Plant tissue culture to achieve in vitro regeneration was originally used to answer fundamental questions in plant biology but has since evolved to be foundational for genetic improvement, micropropagation, genetic engineering, and biotechnology (Michelmore et al., 1987; Zhang et al., 2006; Loberant and Altman, 2010; Xu and Huang, 2014; Chokheli et al., 2020). However, in vitro regeneration is not possible for all plant species and regeneration is very genotype dependent. Therefore, studying the molecular determinants of plant regeneration and exploiting these signaling pathways for improved in vitro regeneration of those recalcitrant genotypes and species is important. This review provides a synopsis of our current understanding of the pathways involved in de novo organogenesis and somatic embryogenesis. We focus on what is known of the molecular determinants of indirect de novo shoot organogenesis, which is the mode of regeneration in lettuce (Lactuca sativa L.). Finally, we describe future directions for improvement of in vitro regeneration of lettuce and other Compositae species.

Molecular Determinants of Regeneration

Recently, many advances have been made toward understanding the cellular and molecular mechanisms that underlie plant regeneration (Xu and Huang, 2014; Ikeuchi et al., 2016; Sugimoto et al., 2019). Each of the regeneration processes described above have been studied in detail in model plants such as Arabidopsis thaliana. Each process entails a complex of molecular players involved in signaling and developmental pathways that regulate the dedifferentiation (somatic embryogenesis) or reprogramming (de novo organogenesis) of cells.

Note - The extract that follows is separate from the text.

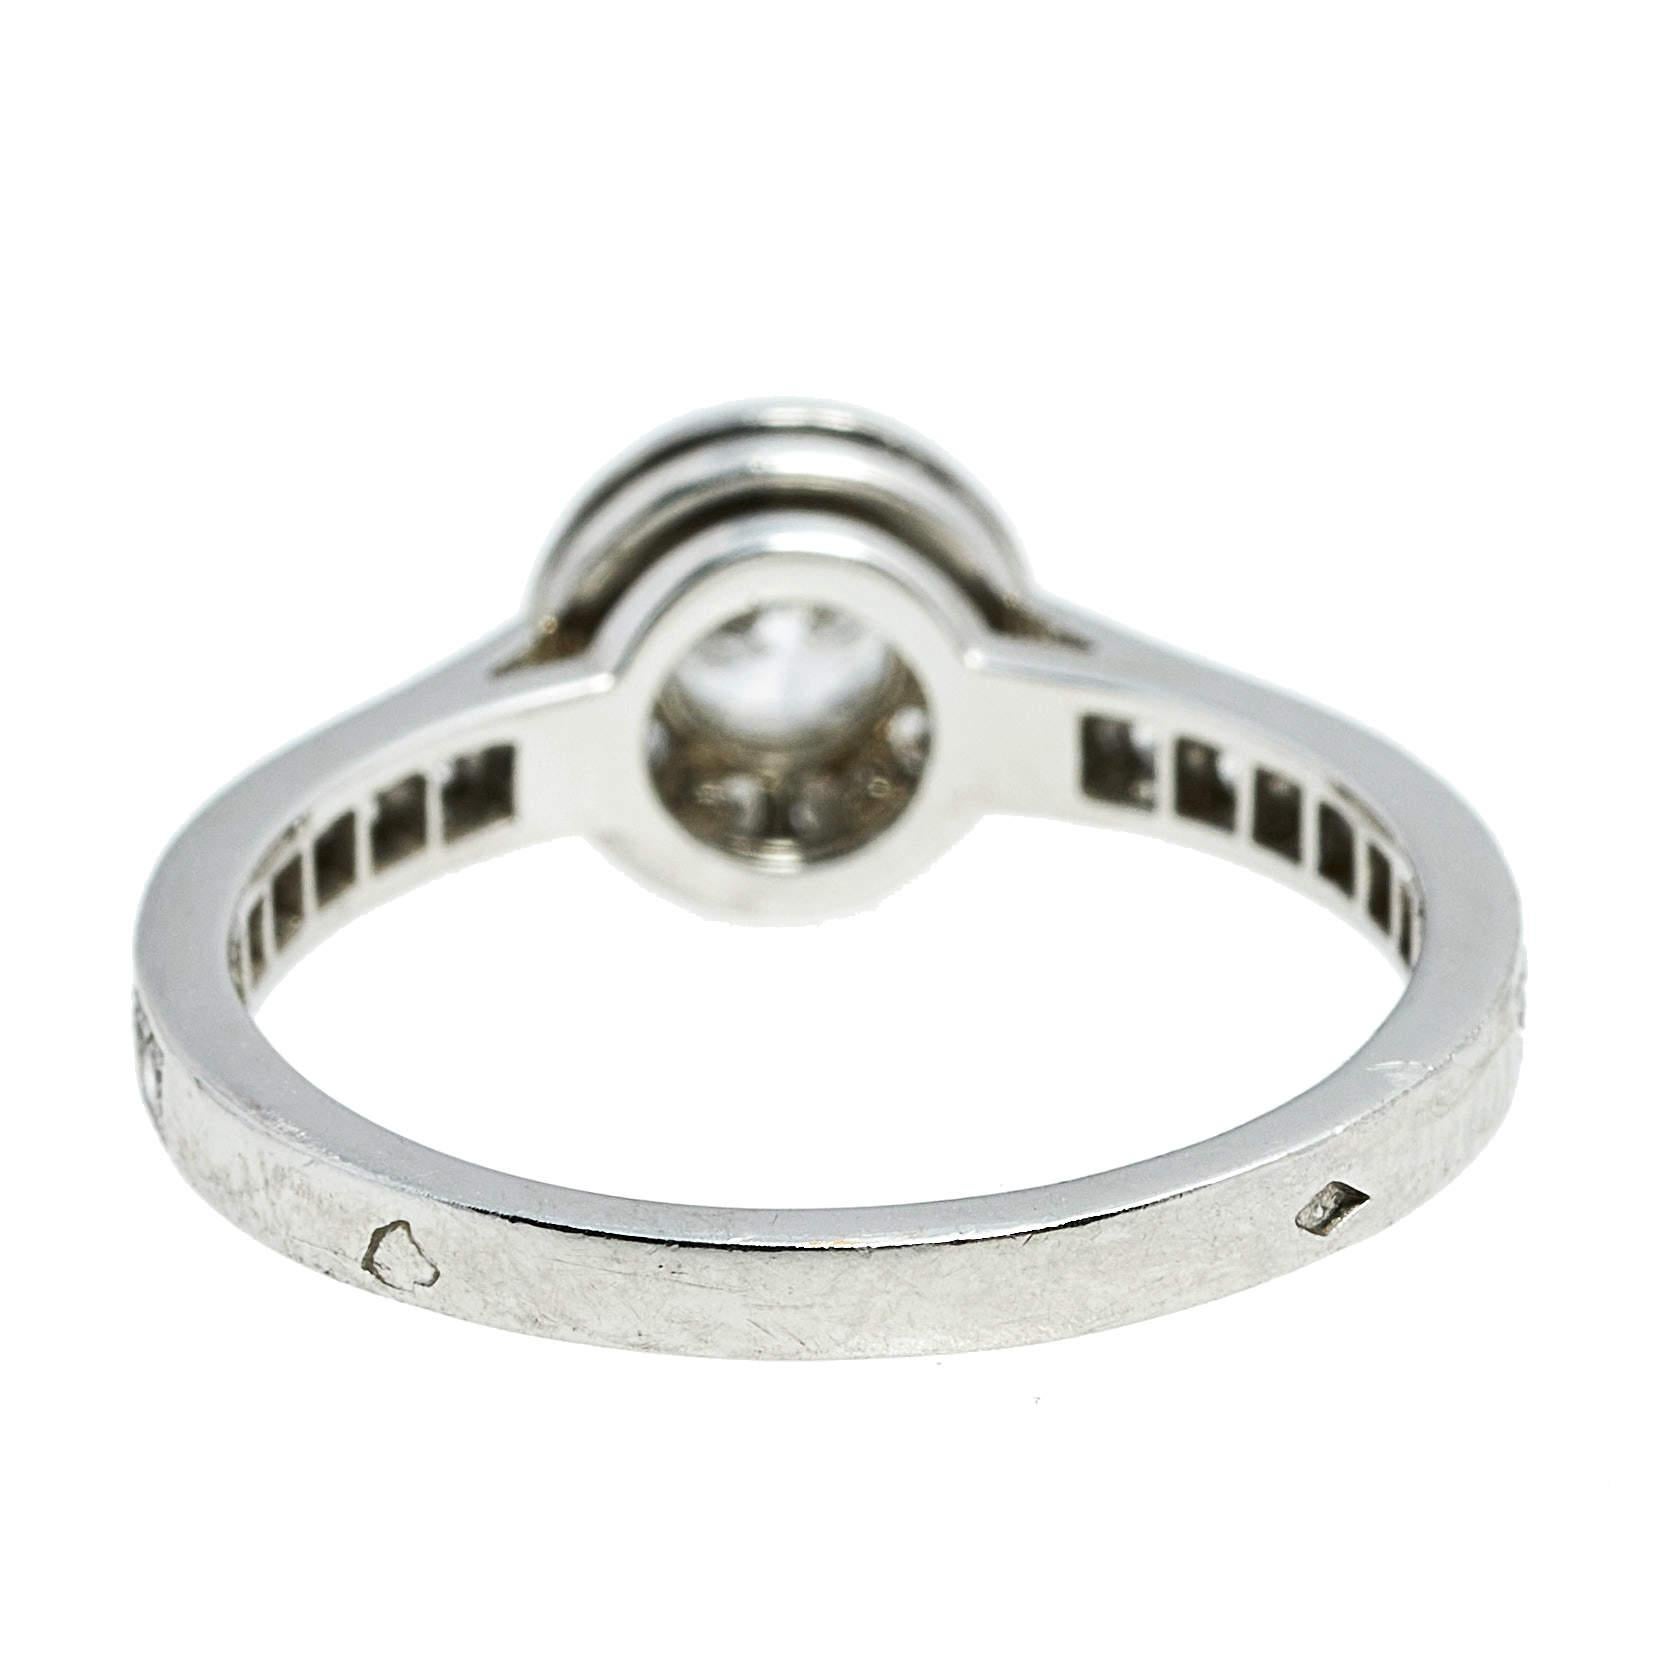 Aus der exklusiven Icone-Kollektion von Van Cleef & Arpels stammt dieser Ring, der ein wahres Spektakel ist. Auf einem schönen Platinband sitzt ein großer Brillant, der von kleineren runden Brillanten in Pavé-Fassung umgeben ist, die sich über die

Organogenic Callus Formation

Callus formation is the first step in indirect organogenesis. Based on morphology, calli are thought to be the result of the dedifferentiation of cells to form totipotent cells. Callus can originate from the initiation of multiple pathways that contain some overlap in gene expression (Fehér, 2019) and can be auxin or wound induced (Fehér, 2019). In Arabidopsis, auxin induced calli resemble pluripotent cells similar to root tip cells at the molecular level and originate from pluripotent pericycle cells located adjacent to xylem poles (Atta et al., 2009; Sugimoto et al., 2010; Fehér, 2019). Root cell-like, auxin-induced callus follows a similar pathway as lateral root formation. In contrast, wound-induced callus does not involve players of lateral root formation, but rather occurs via upregulation of cytokinin signaling (Iwase et al., 2011a,b; Ikeuchi et al., 2017). Due to the similarity of gene expression patterns during callus formation with other developmental pathways some consider it a form of transdifferentiation rather than dedifferentiation (Fehér, 2019).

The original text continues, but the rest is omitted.